Alone Again, Unnaturally

Thoughts on solitude

Joseph Epstein in Commentary: More than two centuries earlier, Montaigne wrote at essay-length on the subject of solitude. “Now the aim of all solitude, I take it, is the same: to live more at leisure and at one’s ease,” he explained. To achieve this, it is “not enough to have gotten away from the crowd, it is not enough to move; we must get away from the gregarious instincts that are inside us, we must sequester ourselves and repossess ourselves.” He notes that “real solitude may be enjoyed in the midst of cities and the courts of kings; but it is enjoyed more handily alone,” and adds that “the greatest thing in the world is to know how to belong to oneself.” Montaigne lived this ideal, retiring after an active political life for the better part of each of his days to a tower in which he kept his books and lived his private life, enjoying his own thoughts and writing them out in his essays.

Some visual art suggests solitude.

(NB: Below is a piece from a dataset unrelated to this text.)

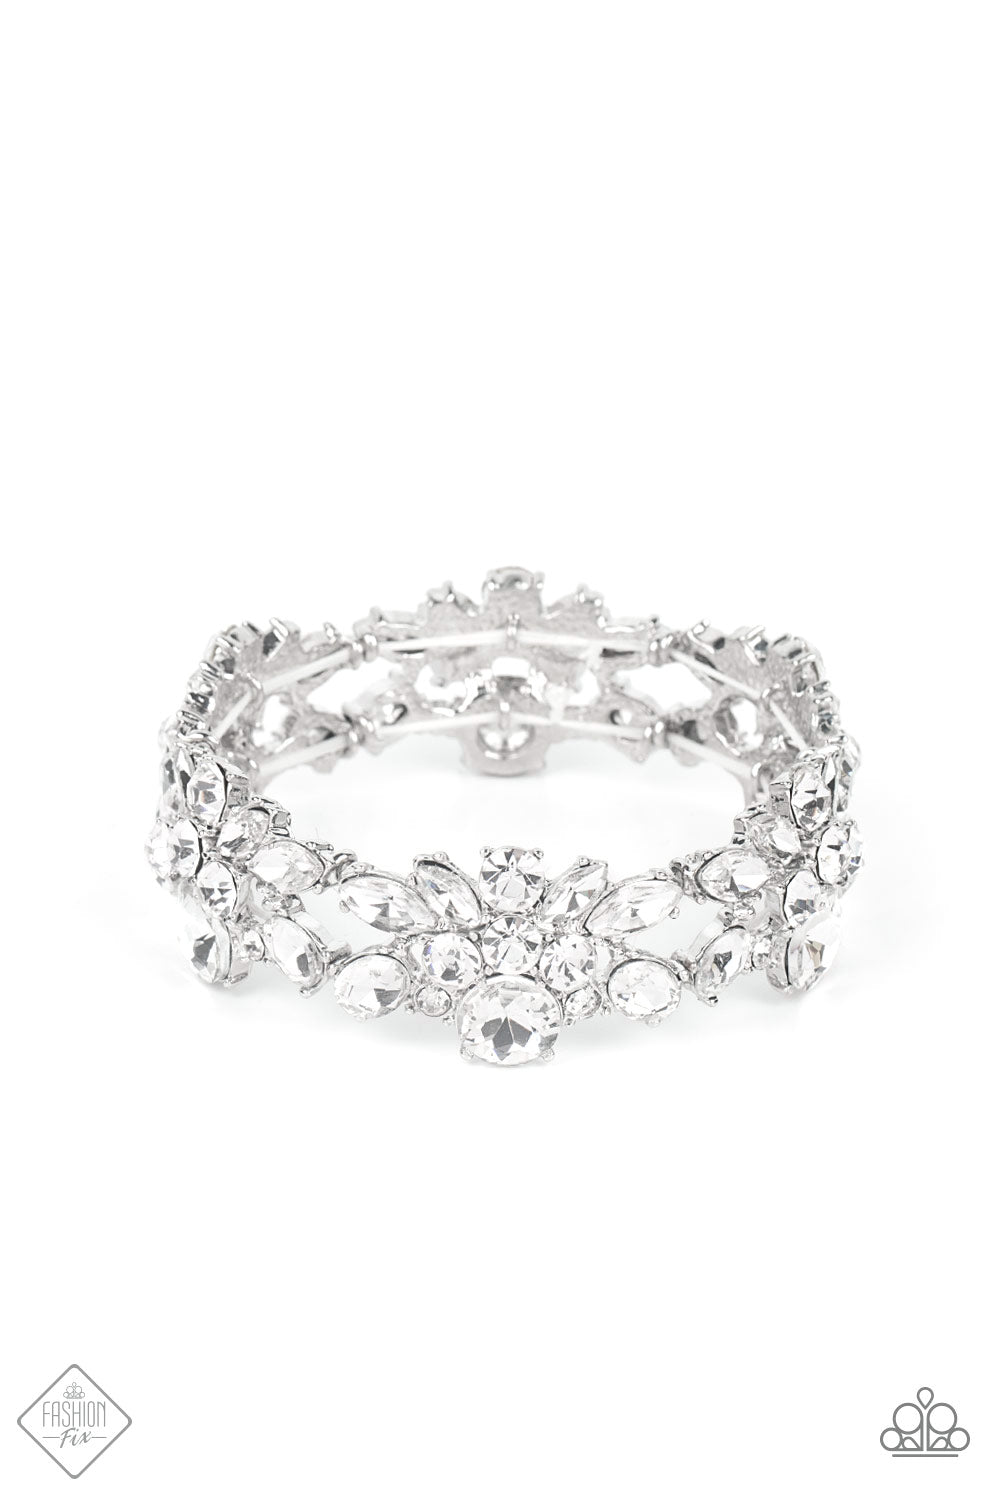 Paparazzi Beloved Bling - White Bracelet - Fashion Fix - A Finishing Touch Jewelry
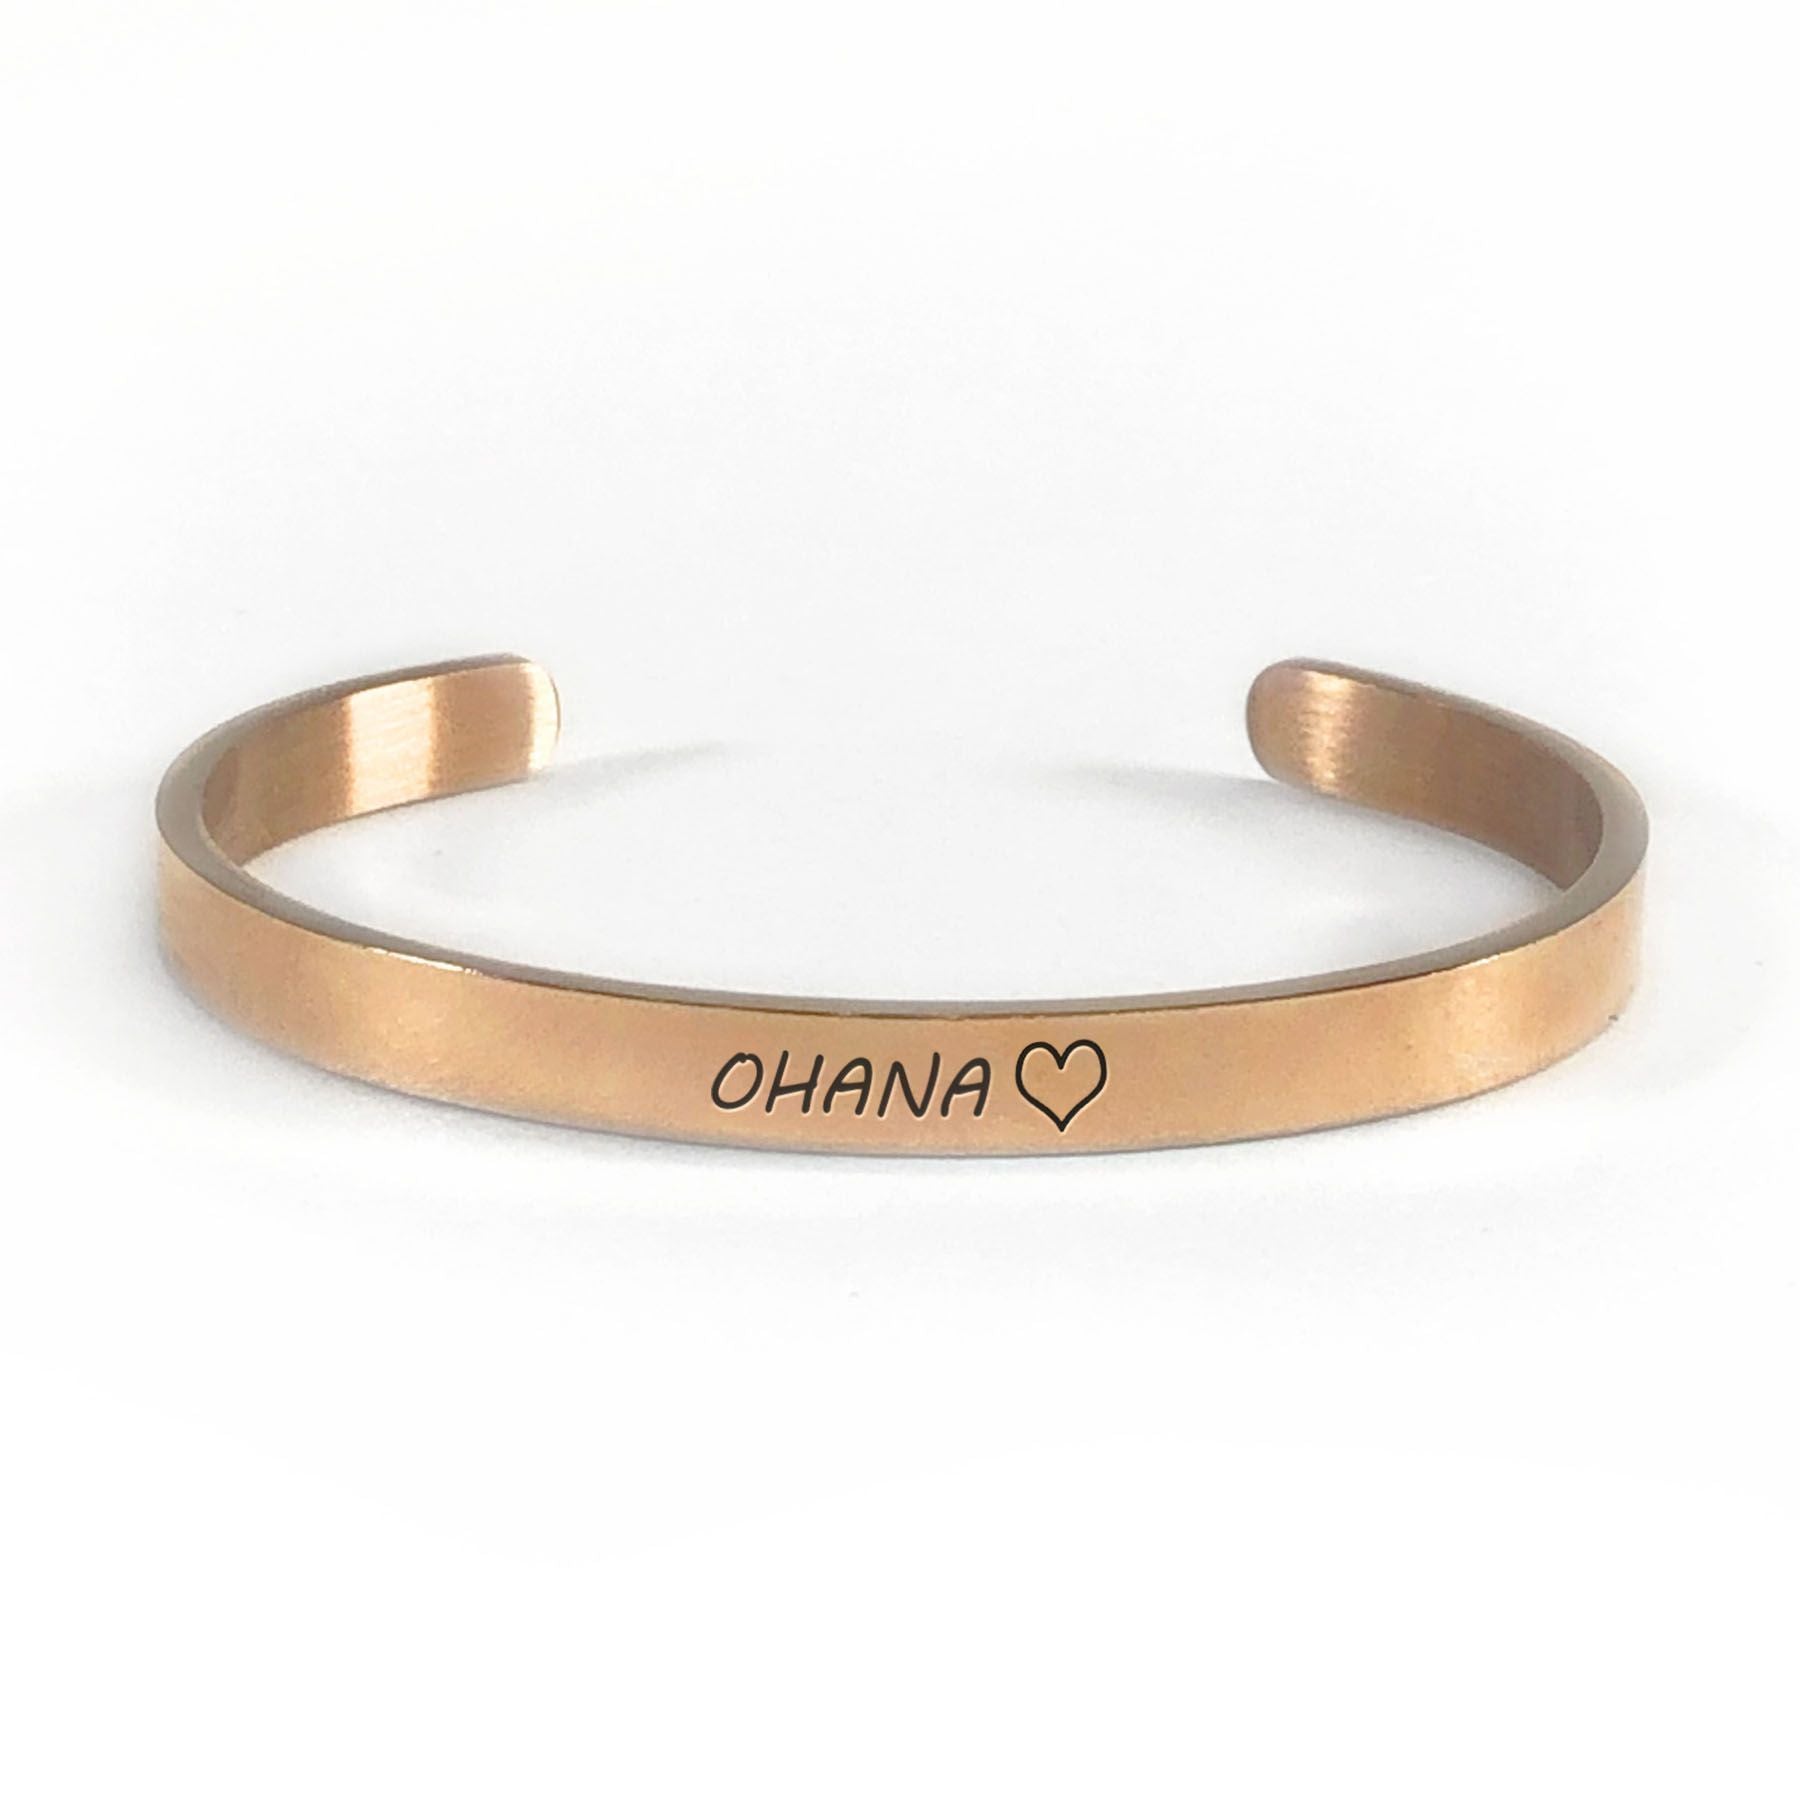 Ohana bracelet with rose gold plating

The paintings of Vermeer do for me, as they did for Aldous Huxley, for whom Vermeer was always the profound “painter of still life.” Closer to our own day, the work of Edward Hopper suggests solitude in contemporary urban settings. Among composers, much of the music of Mozart almost always sends one off to the land of solitude, as does much of the musicof Maurice Ravel.

Some have suggested that there is an age relation to the attraction of solitude. In his book Solitude: A Return to the Self, the English psychiatrist Anthony Storr writes that “the old often show less interest in interpersonal relations, are more content to be alone, and become more preoccupied with their own, internal concerns…. There is often an increase in objectivity toward others combined with a decrease in identification with them.” Storr suggests that this may be why “relations between grandparents and grandchildren are often easier than between parents and children.” I myself prefer to believe the reason grandparents and grandchildren get on so well is that they have a common enemy, but let that pass.

The first distinction that needs to be made in connection with solitude is the one between it and loneliness. This comes up near the onsetof Solitude: The Science and Power of Being Alone, a new study by three authors1 that considers the vast deal of recent research on the subject (so much so that the book sometimes reads as if it were a study of studies). The book attempts to get beyond the quantitative and into the qualitative aspects of solitude, chiefly by quoting from many of the subjects of its research. There is, for example, 68-year-old Brian from England, who speaks soothingly of “peace, quiet, on your own, like you’re fishing, nobody else around, lovely river, lovely location, fishing away. Peace, quiet, babble of brook maybe. Just being with nature, lovely, being on your own.”